By James, Katherine and Amara.
The subtitle of our project, is ‘Re-evaluating Women’s work in archaeology, history and heritage in Britain, 1870 – 1950′. We aim to create a large-scale study of women’s contributions to these fields by rendering visible previously unknown ‘professional’ (both salaried and unsalaried) activities of women through the study of archival sources. This requires us to identify instances in our sources of women conducting various activities we would categorise as ‘work’, and to express those as data. But how do we identify these women?

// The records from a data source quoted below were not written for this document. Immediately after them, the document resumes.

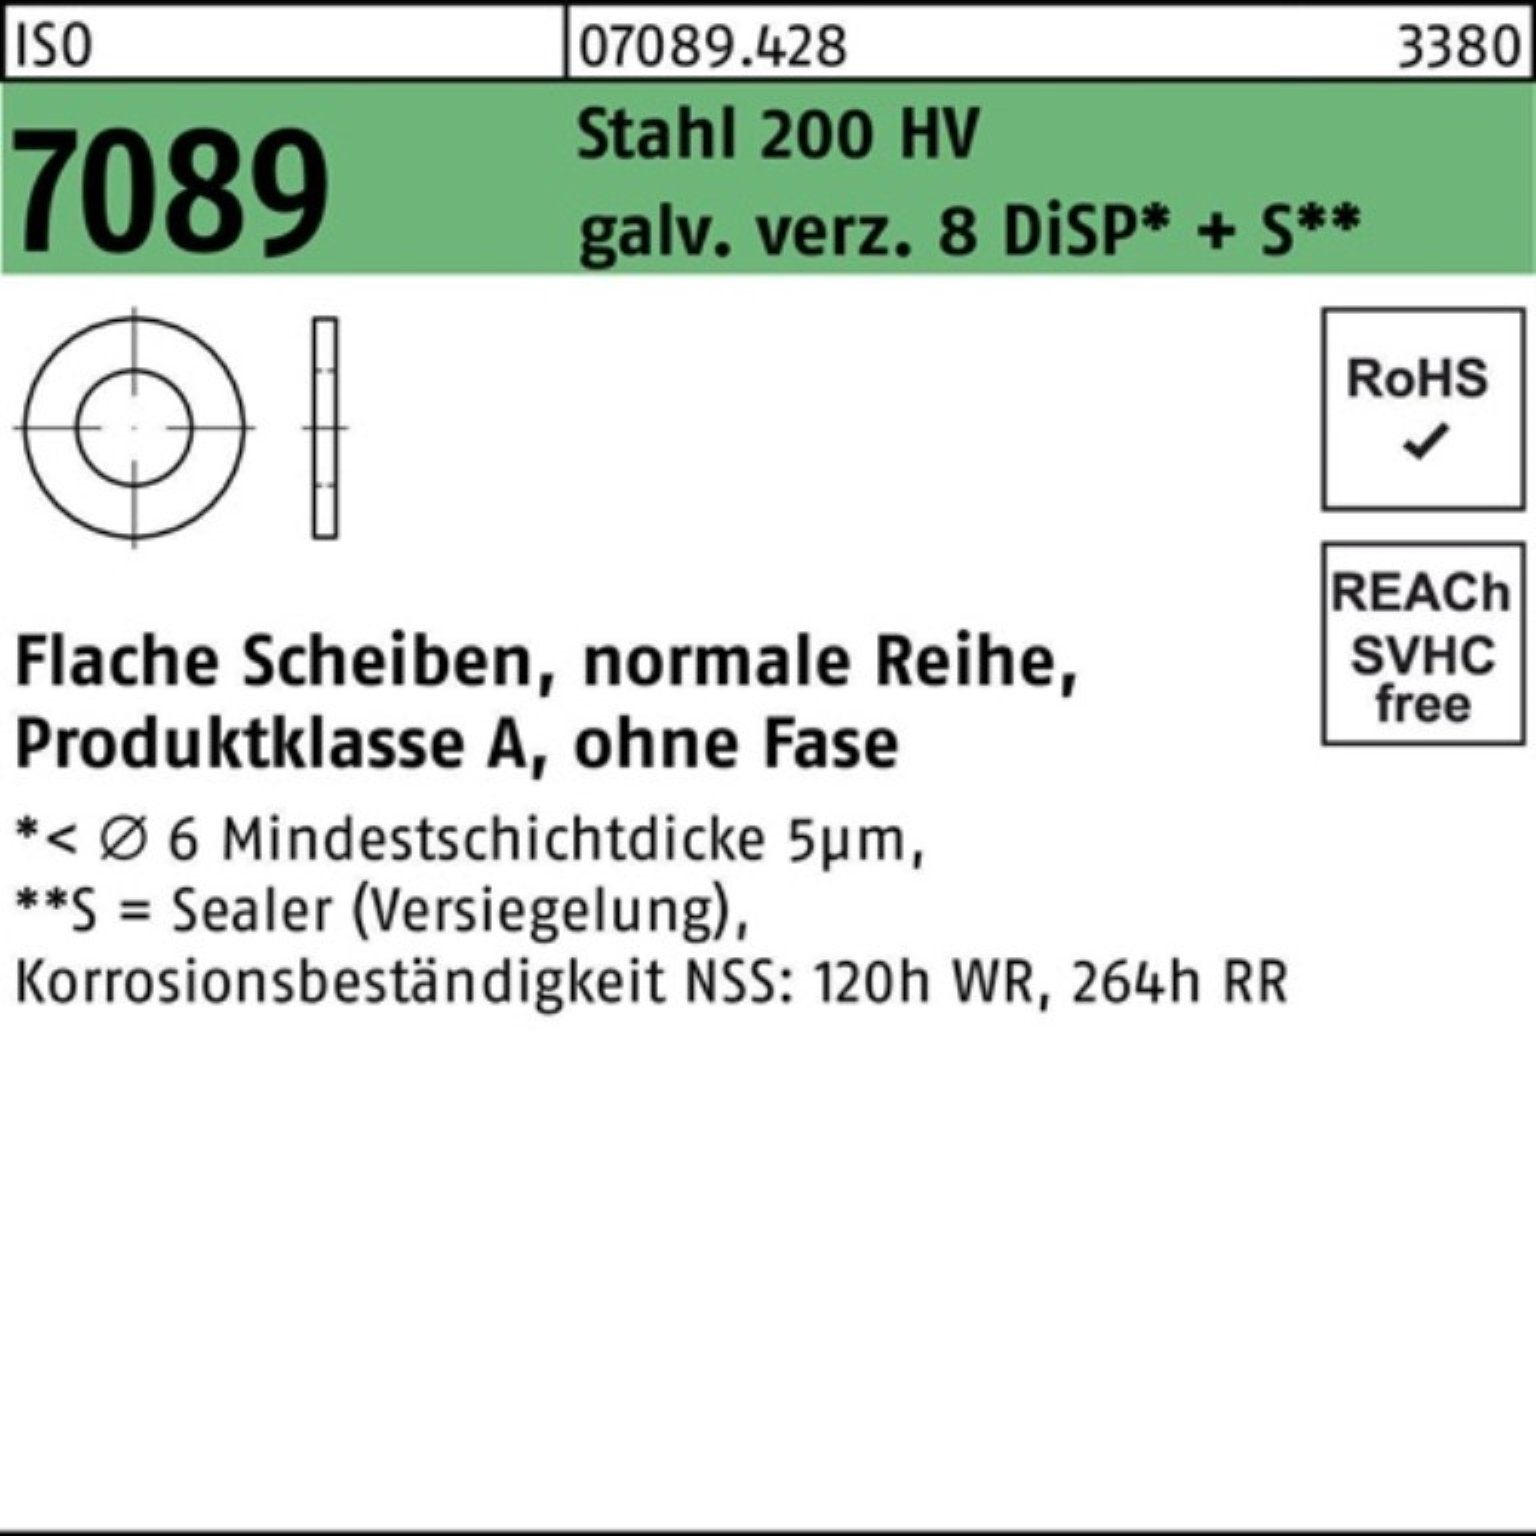 Bufab Unterlegscheibe 1000er Pack 7089 ISO galv.verz. 3 o.Fase Stahl HV 200 Unterlegscheibe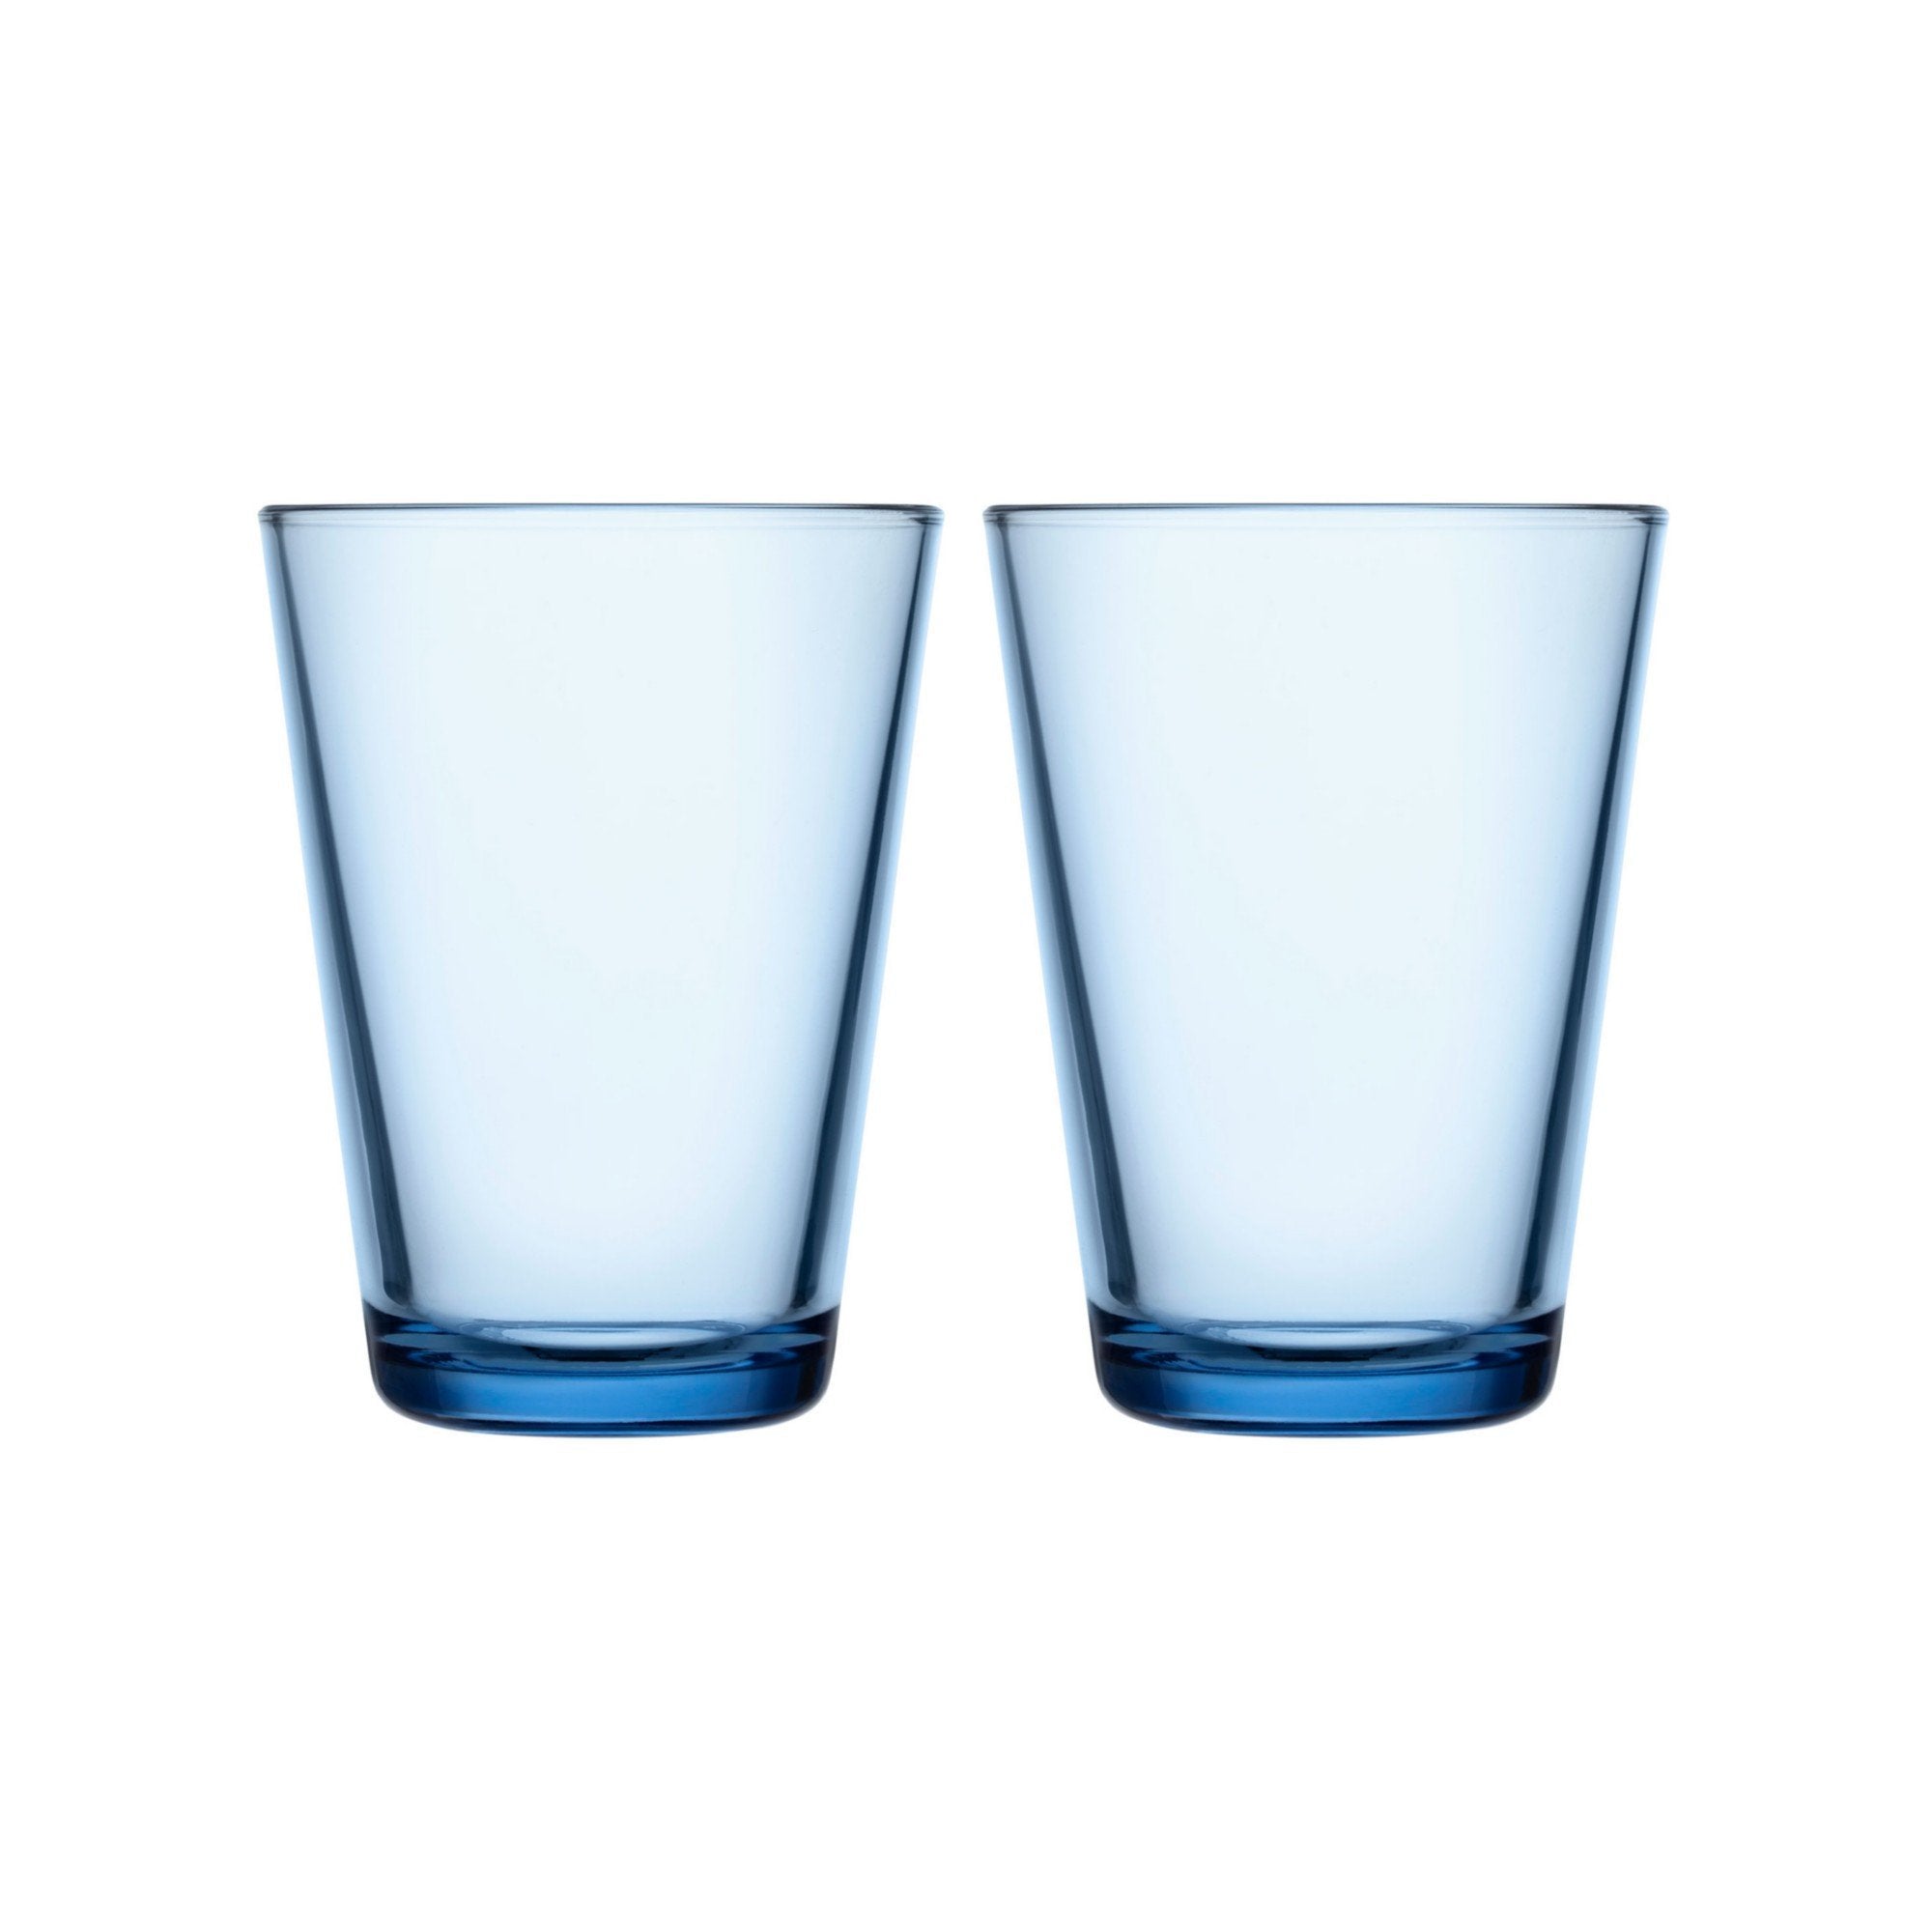 Iittala Katio Drinking Glass Aqua 40Cl, 2 stk.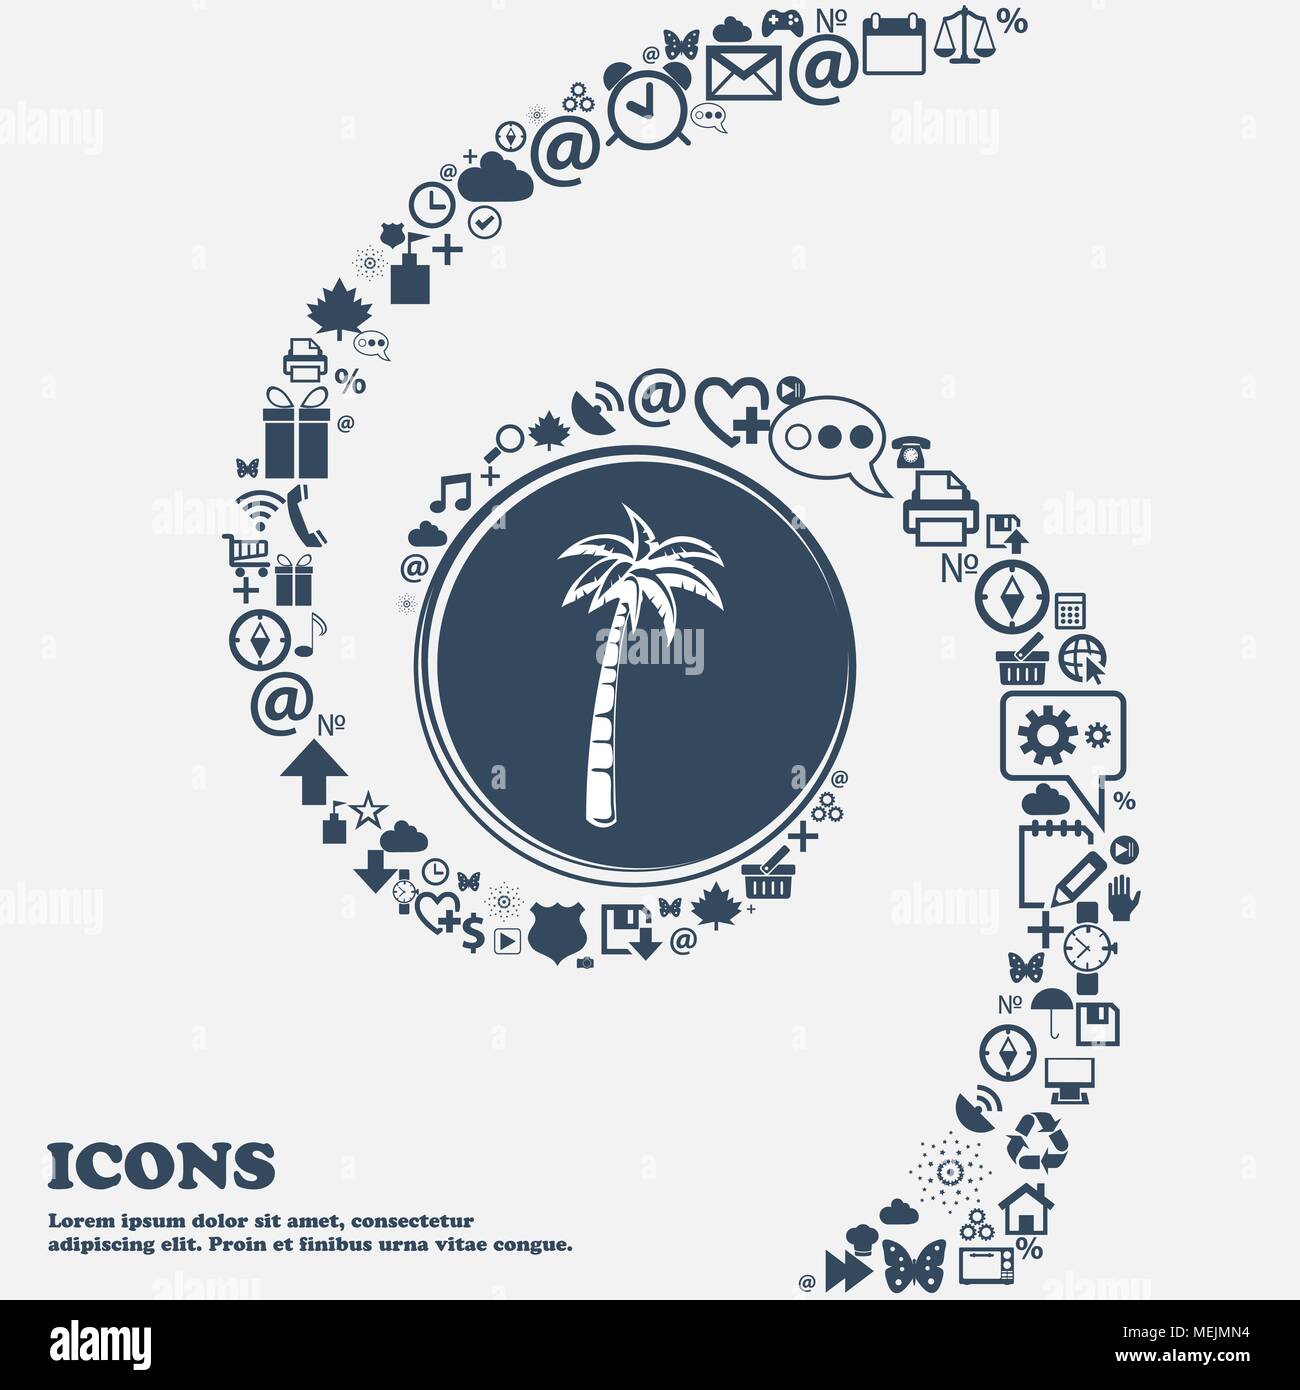 Icona di Palm nel centro. Intorno tanti bei simboli intrecciati in una spirale. È possibile utilizzare ciascuna separatamente per il design. Illustrazione Vettoriale Illustrazione Vettoriale

This has led the project team to chew over two issues in recent meetings:
- How to work within, or modify, the conventions of Wikidata to deal with gender (and indeed other sensitive personal) characteristics in our database
- The ethics of ascription of gender to people in the past
To begin, let’s consider the conventions governing how the property of gender (or ‘sex and gender’, since Wikidata currently conflates the two – and this is in itself controversial) is handled in Wikidata, the collaboratively edited knowledge graph whose linked data underpins Wikipedia and Google Search. Like other systems for the organization and systematization of knowledge, Wikidata operates by using (relatively) controlled vocabularies: lists of key terms with agreed definitions that allow records to be tagged/described in ways that render them searchable. In order to link our data to other data sets it is important to work to some extent within conventions in order to make those links. If we were to create an entirely unique, bespoke set of categories to classify our historical data, our database would be limited in usefulness, since it would not be discoverable through standard searches or interoperable with other data ecologies. On the other hand, conventions developed in Wikidata (term lists etc) are simplifying/flattening and can be inadequate when dealing with historically constructed categories, including gender. Crowd-sourced editing of Wikidata (in which we are participating) can also lead to changes and allows for modifications.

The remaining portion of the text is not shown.